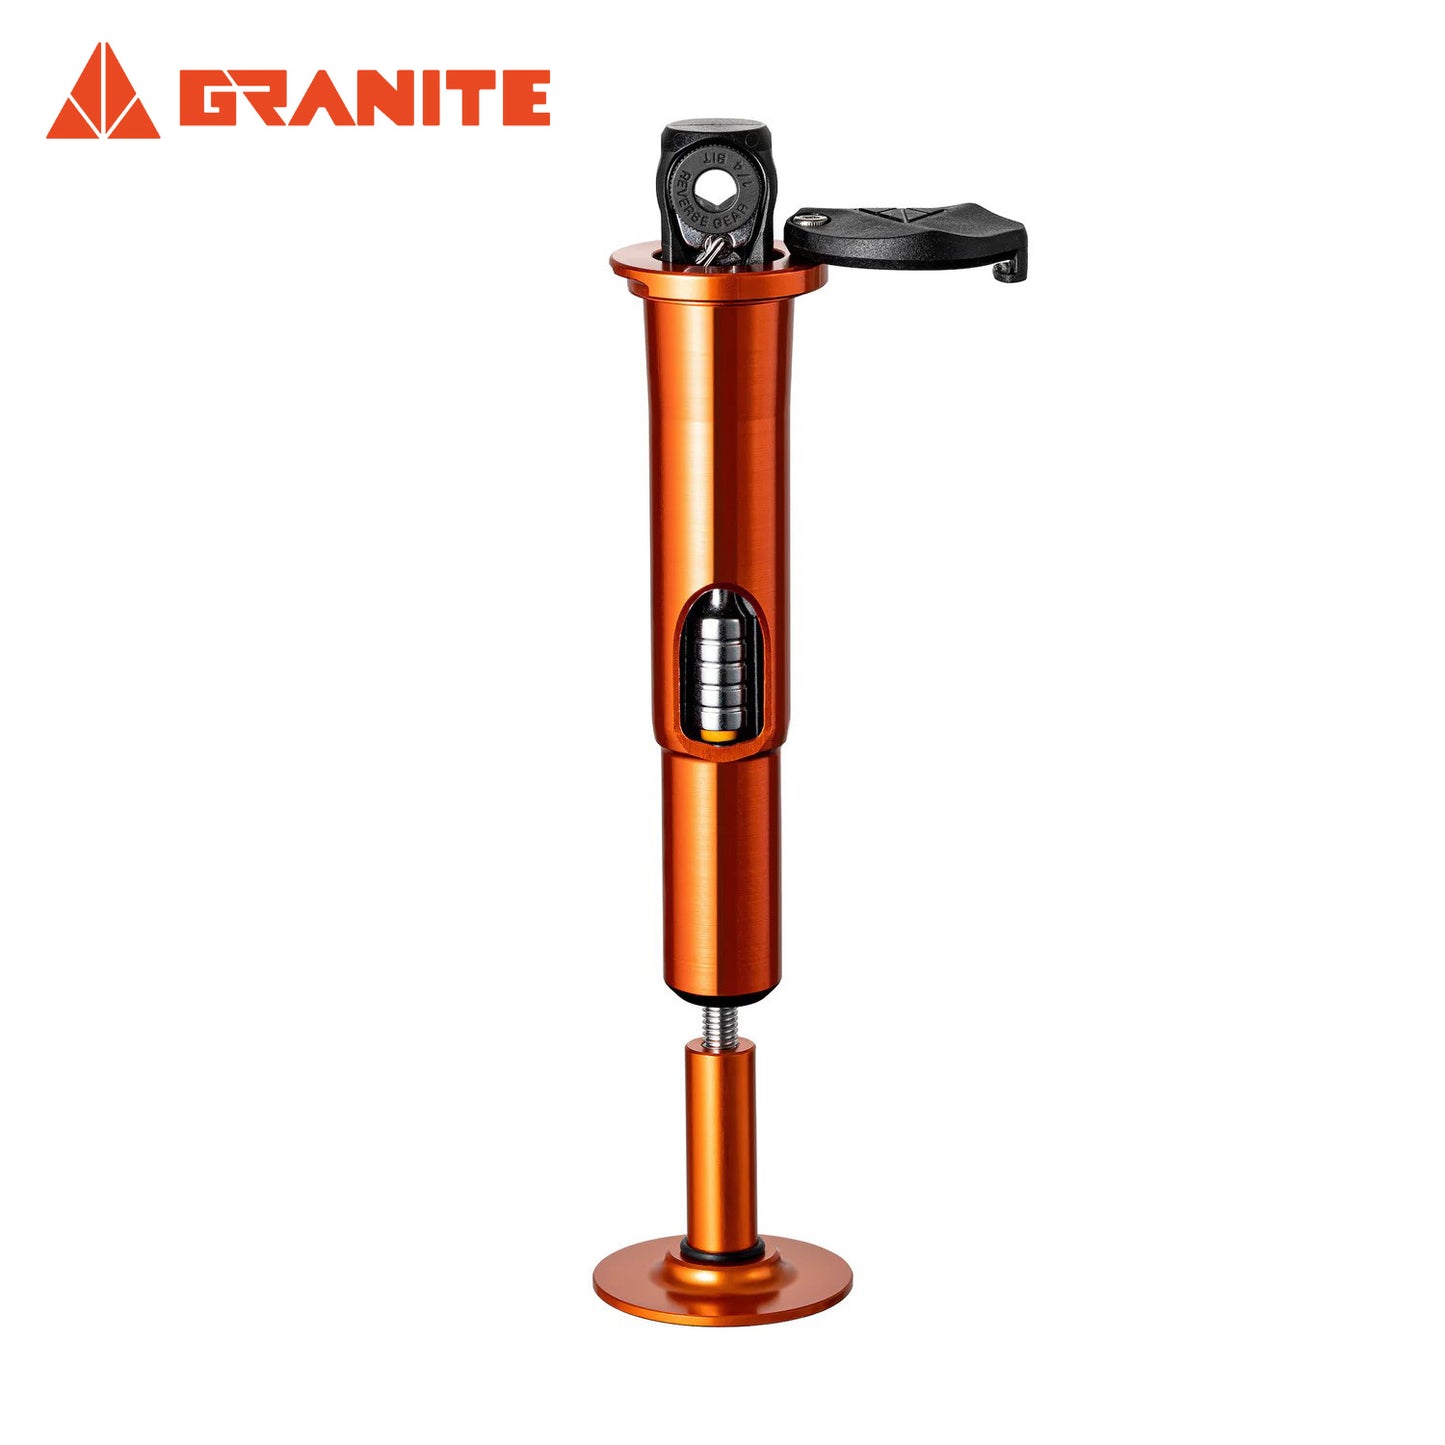 Granite Stash RT Ratchet Tool Kit w/ 9 Bits & Steerer Tube Housing - Orange
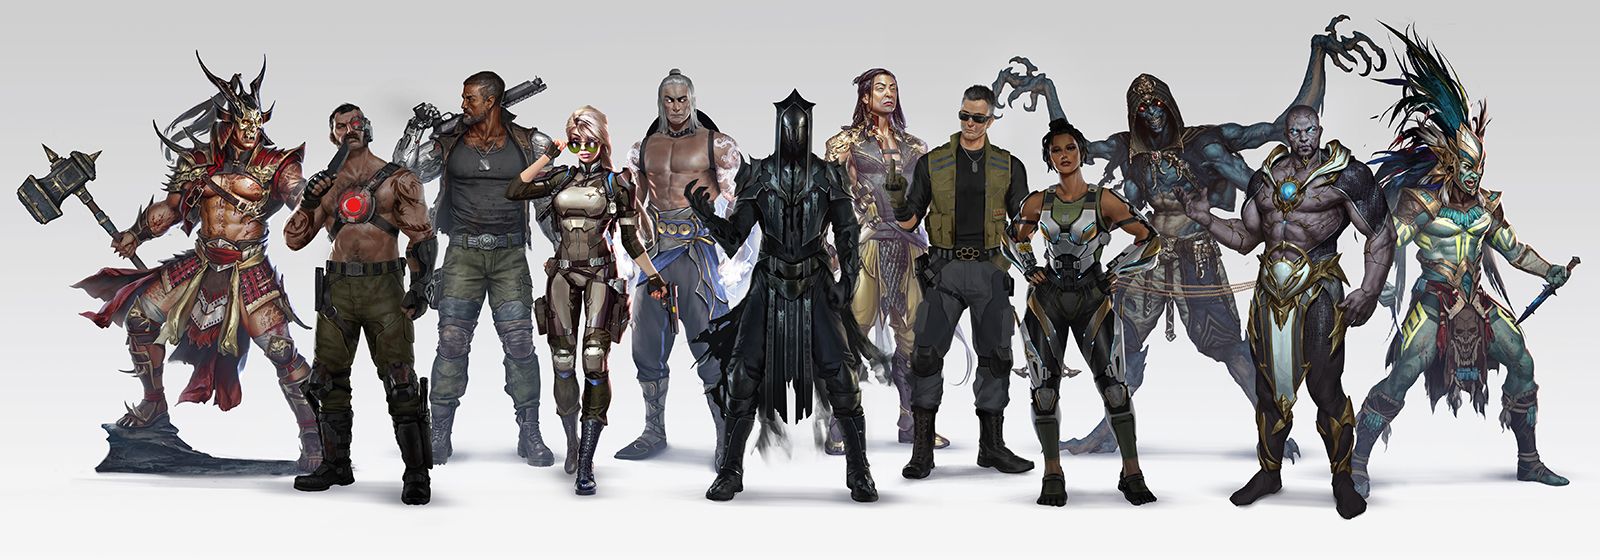 Personatges de Mortal Kombat 11 cortesia de Netherrealm Studios
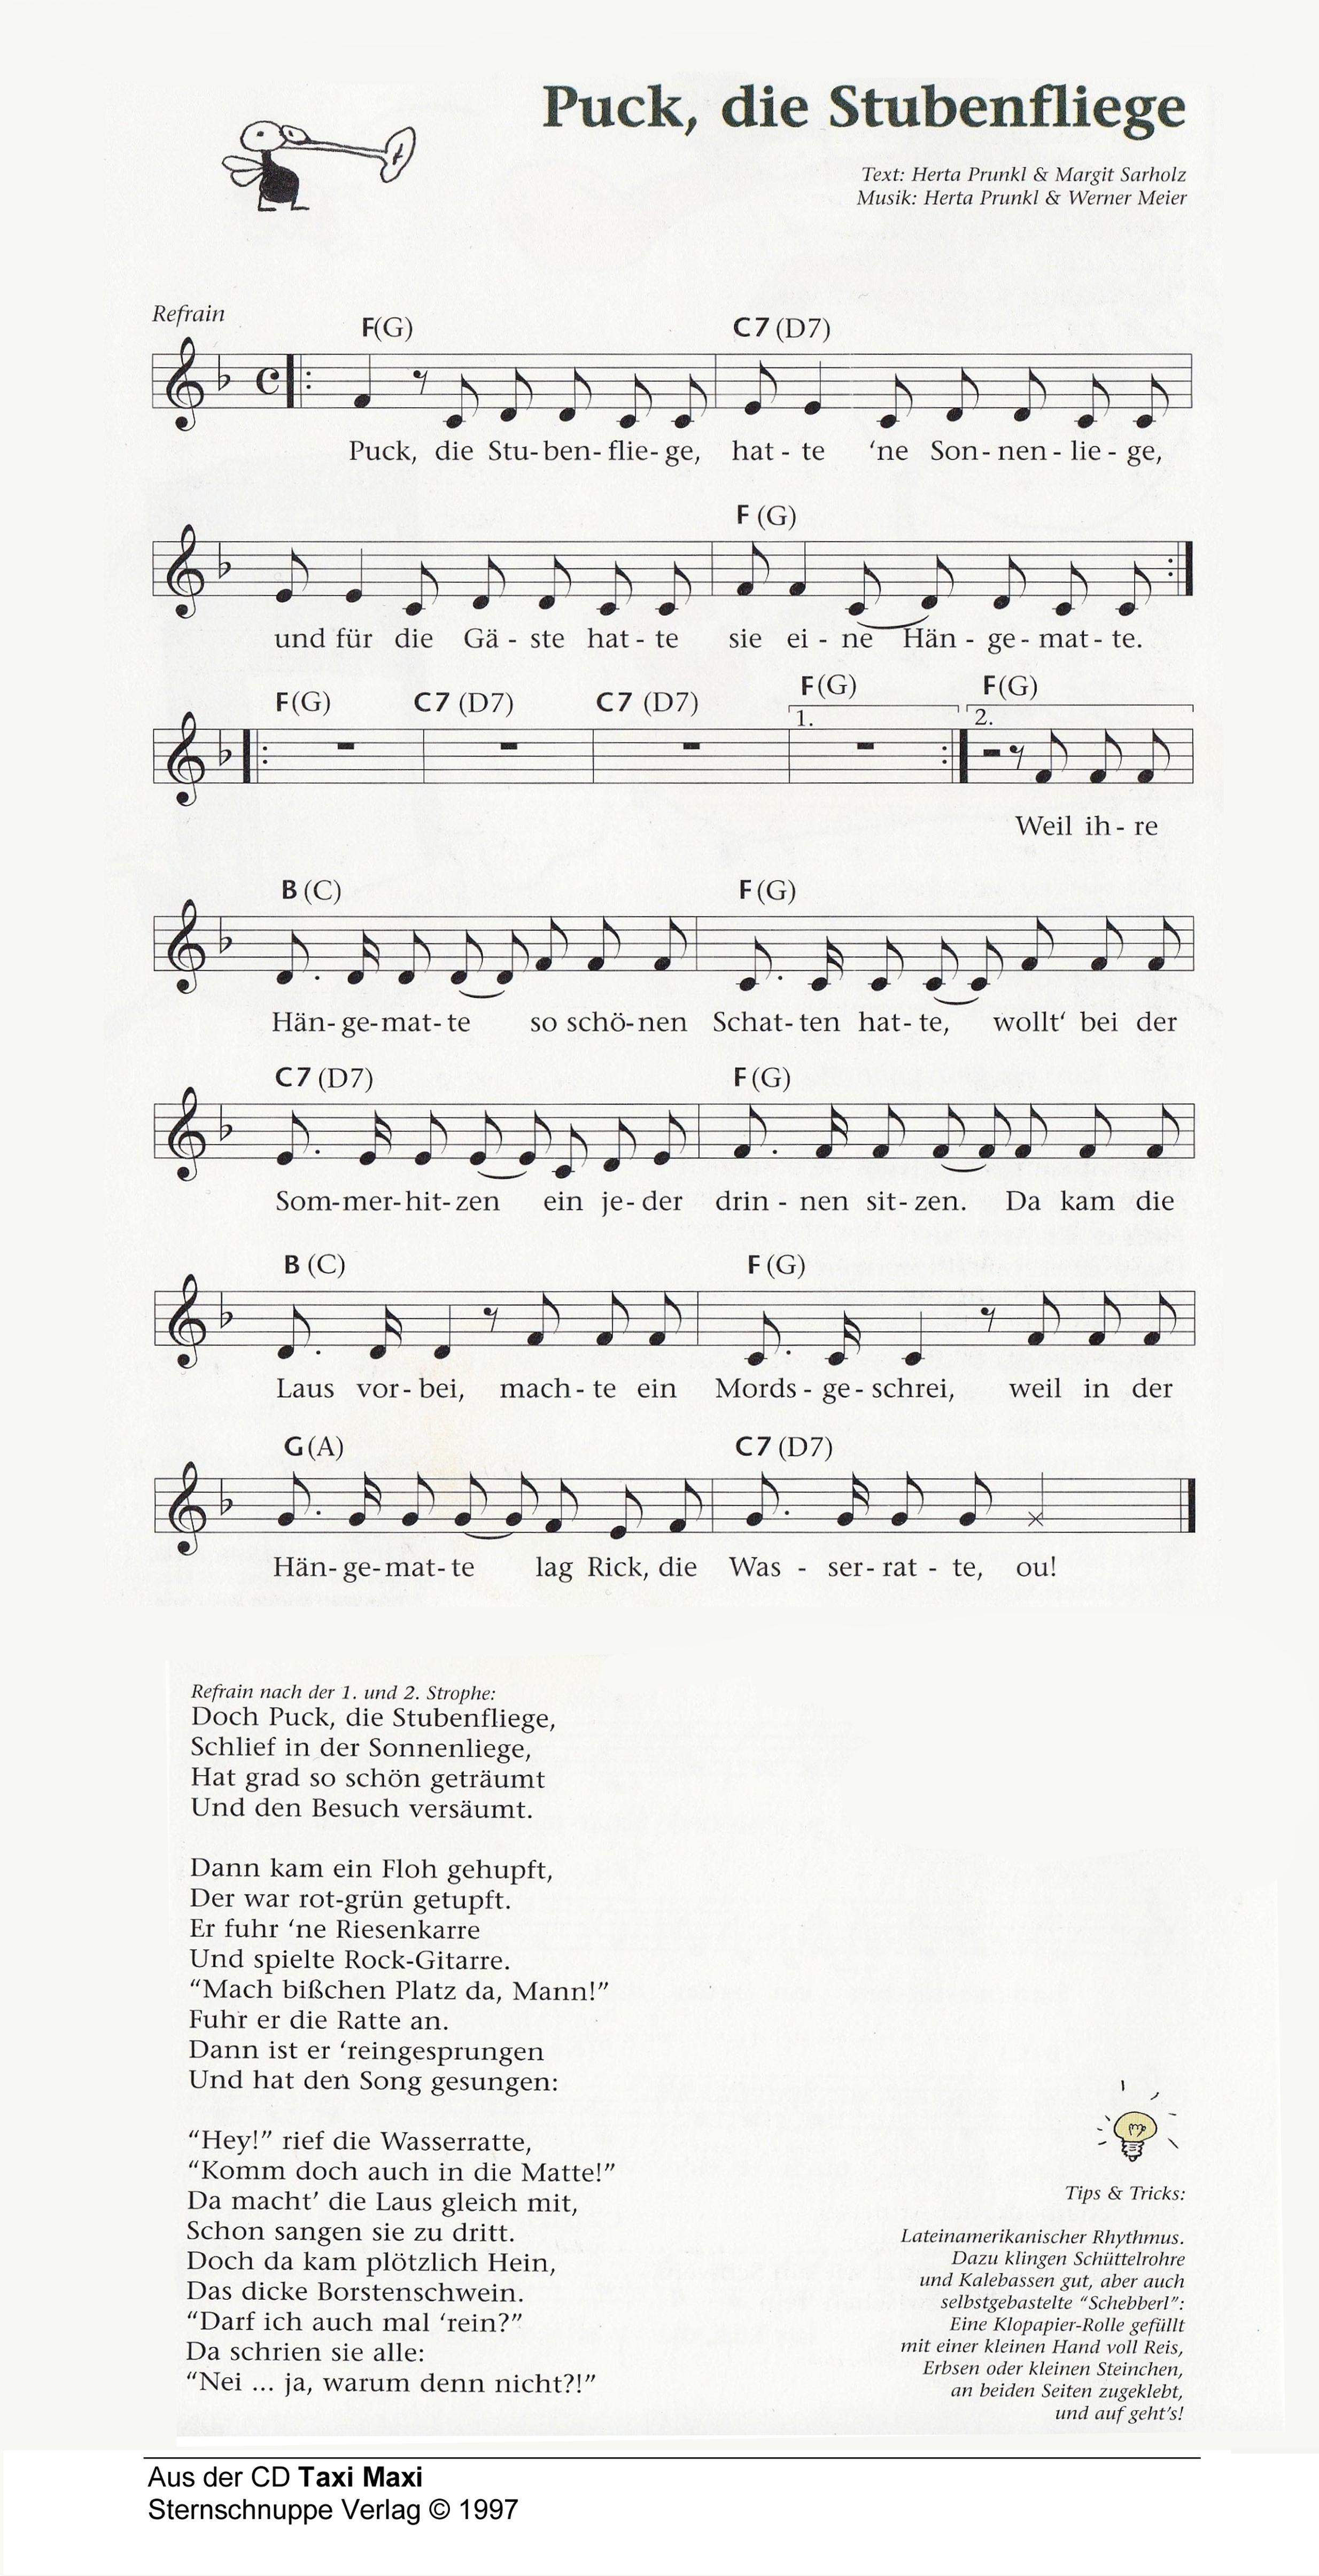 Liedtext, Akkorde und Noten vom Kinderlied Puck, die Stubenfliege (Remix fürs Kinder-Tanz-Fest)

• **Exercise details**:
Give back the data verbatim. The pictures are not part of the copy.

• **Exercise result**:
 Granite Stash RT Ratchet Tool Kit w/ 9 Bits & Steerer Tube Housing - Orange
 Personatges de Mortal Kombat 11 cortesia de Netherrealm Studios
 Liedtext, Akkorde und Noten vom Kinderlied Puck, die Stubenfliege (Remix fürs Kinder-Tanz-Fest)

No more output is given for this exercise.